I was hoping someone could help point me in the right direction. I am trying to figure out how to solve recurrence relations using Mathematica (6). I have tried to search the web for information on how to use the recurrence relation solving package but I must be doing something wrong. I did a Google search for recurrence relations Mathematica and the only thing I found that seemed accessible to me was a link to The Mathematica Book by Wolfram which told me to enter the command below... which gave me an error. It said with some versions you don't need to load it so I tried the equation given and it didn't return a proper result.

<< DiscreteMath' RSolve'

Get::noopen: Cannot open DiscreteMath.
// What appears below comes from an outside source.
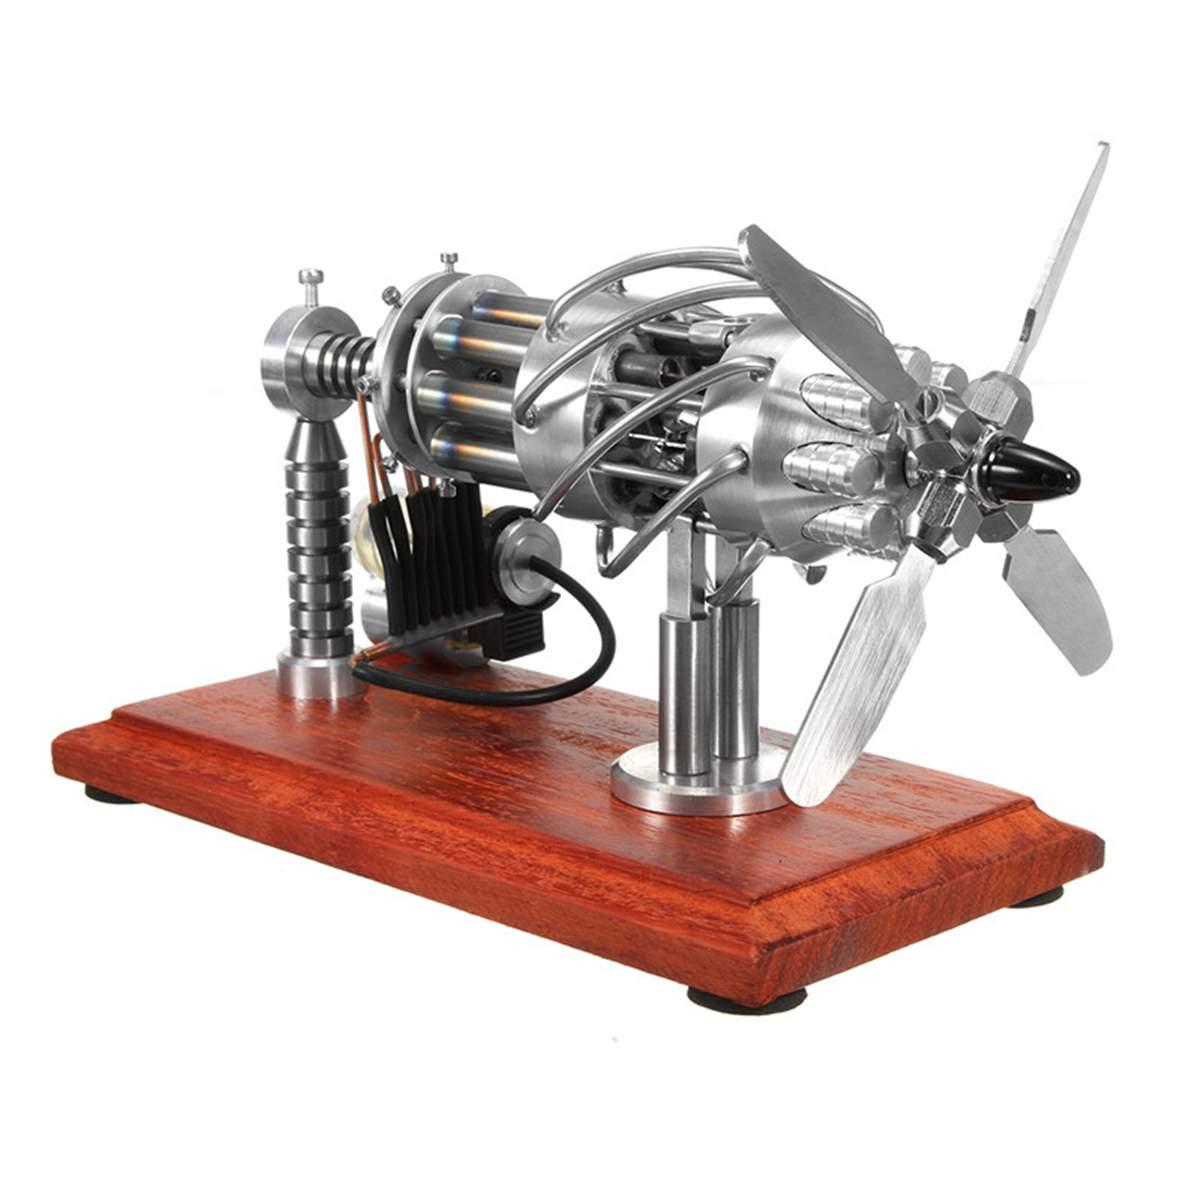 Mini Hot Air Motore Stirling Modello Del Motore Flusso di Alimentazione Educativi Modelli Esperimento di Fisica del Materiale Didattico Scienza RegaloMini Hot Air Motore Stirling Modello Del Motore Flusso di Alimentazione Educativi Modelli Esperimento di Fisica del Materiale Didattico Scienza Regalo

RSolve::argmu: RSolve called with 1 argument; 3 or more arguments are expected.

An example problem that I would like to be able to solve is:
T(n) = T(n-1) + 2T(n-2)

Any links or tutorials would be helpful! Otherwise, if Mathematica isn't the way I should be going about this I am all for other suggestions!
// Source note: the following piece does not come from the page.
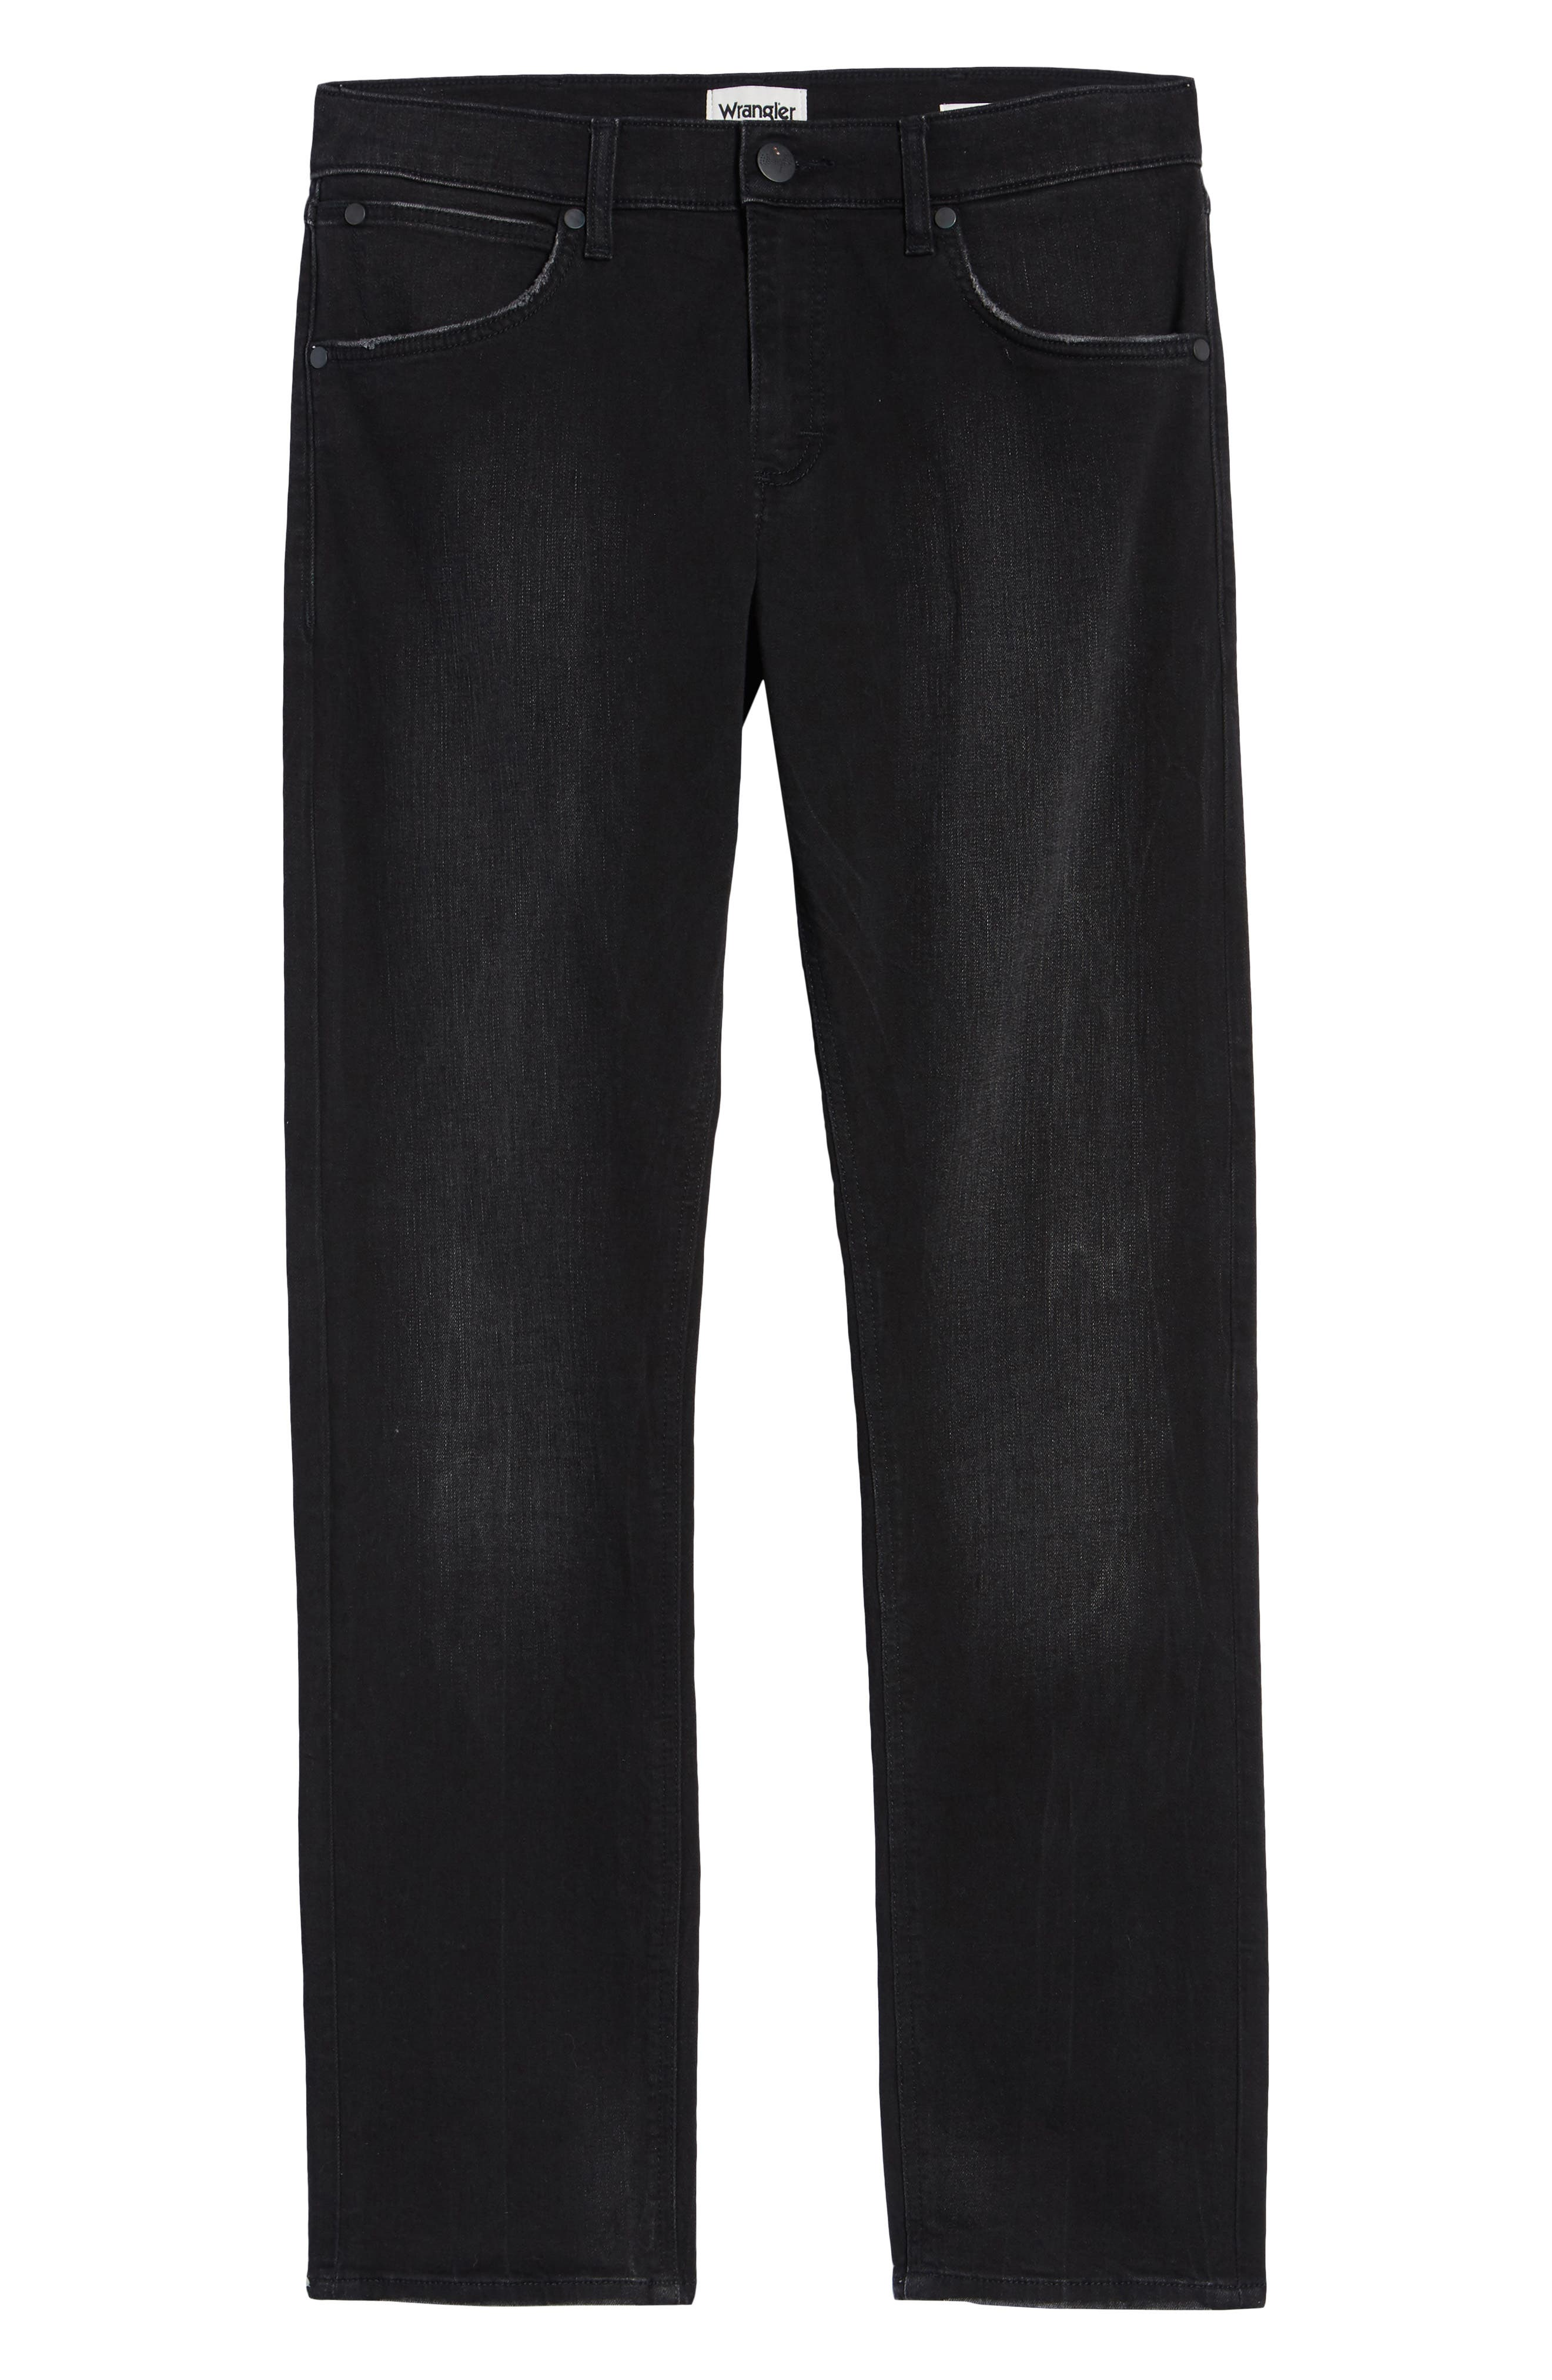 Greensboro Straight Leg Jeans,                             Alternate thumbnail 6, color,                             BLACK

Thank you for your time and patience!
----

*It should be noted that I am fairly bad at Math and unskilled at Mathematica. I am definitely a "newbie" so :) I apologize if the answer is right in front of my face.* I am attempting to ask "intelligent" questions after I've tried for quite a while to figure it out on my own/do my own research.

 

[Crosson]

What version of Mathematica are you using? In version 6.0 you can type:

RSolve[T[n] == T[n - 1] + 2 T[n - 2], T[n], n]

and the output is:

{{T[n] -> (-1)^n C[1] + 2^n C[2]}}

You could eliminate the undetermined constants by giving initial conditions:

RSolve[{T[n] == T[n - 1] + 2 T[n - 2].T[0]==0,T[1]==1}, T[n], n]

for which the output is:

{{T[n] -> 1/3 (-(-1)^n + 2^n)}}